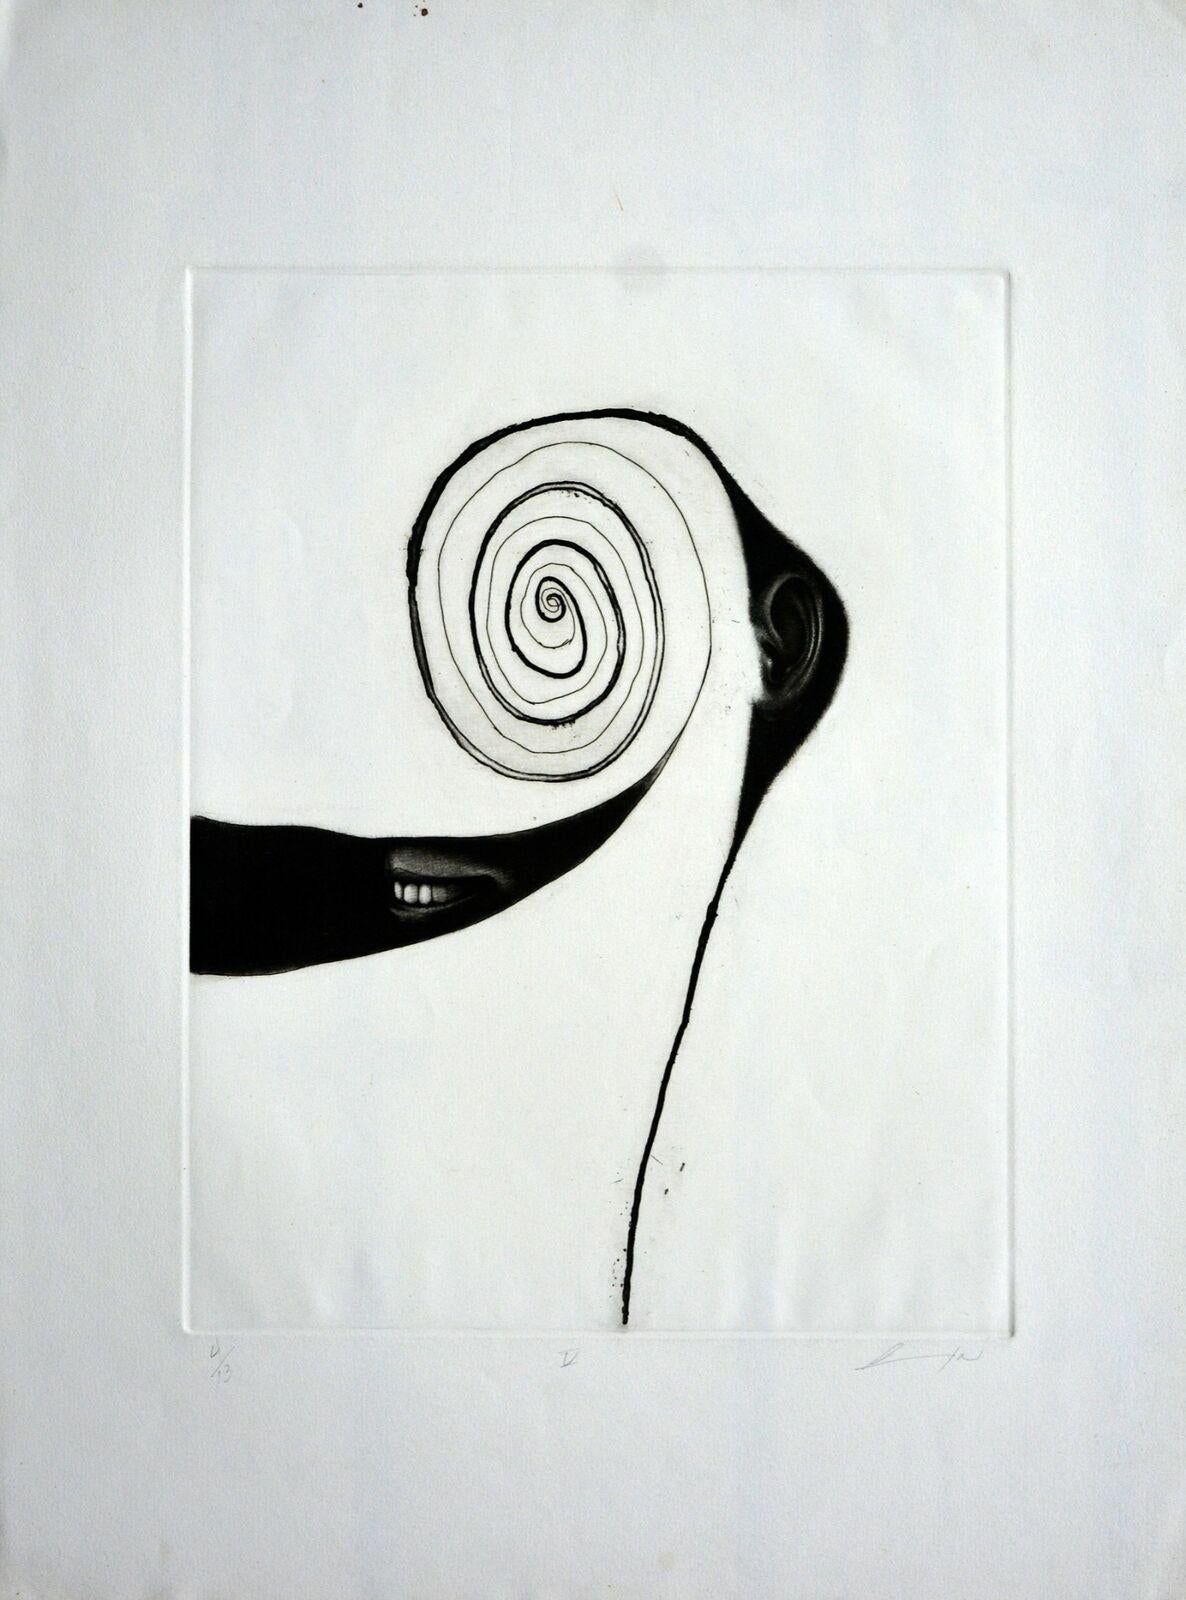 Luis LARA (Mexiko, 1972)
'V', 2000
Schabkunst auf Papier Velin Arches 300 g.
29,2 x 22,1 Zoll (74 x 56 cm)
Auflage von 13
ID: LAL-302
Ungerahmt

__Your objective__
Each record above, in full: return it exactly, pictures excluded.

__Your solution__
 Luis LARA (Mexiko, 1972)
'V', 2000
Schabkunst auf Papier Velin Arches 300 g.
29,2 x 22,1 Zoll (74 x 56 cm)
Auflage von 13
ID: LAL-302
Ungerahmt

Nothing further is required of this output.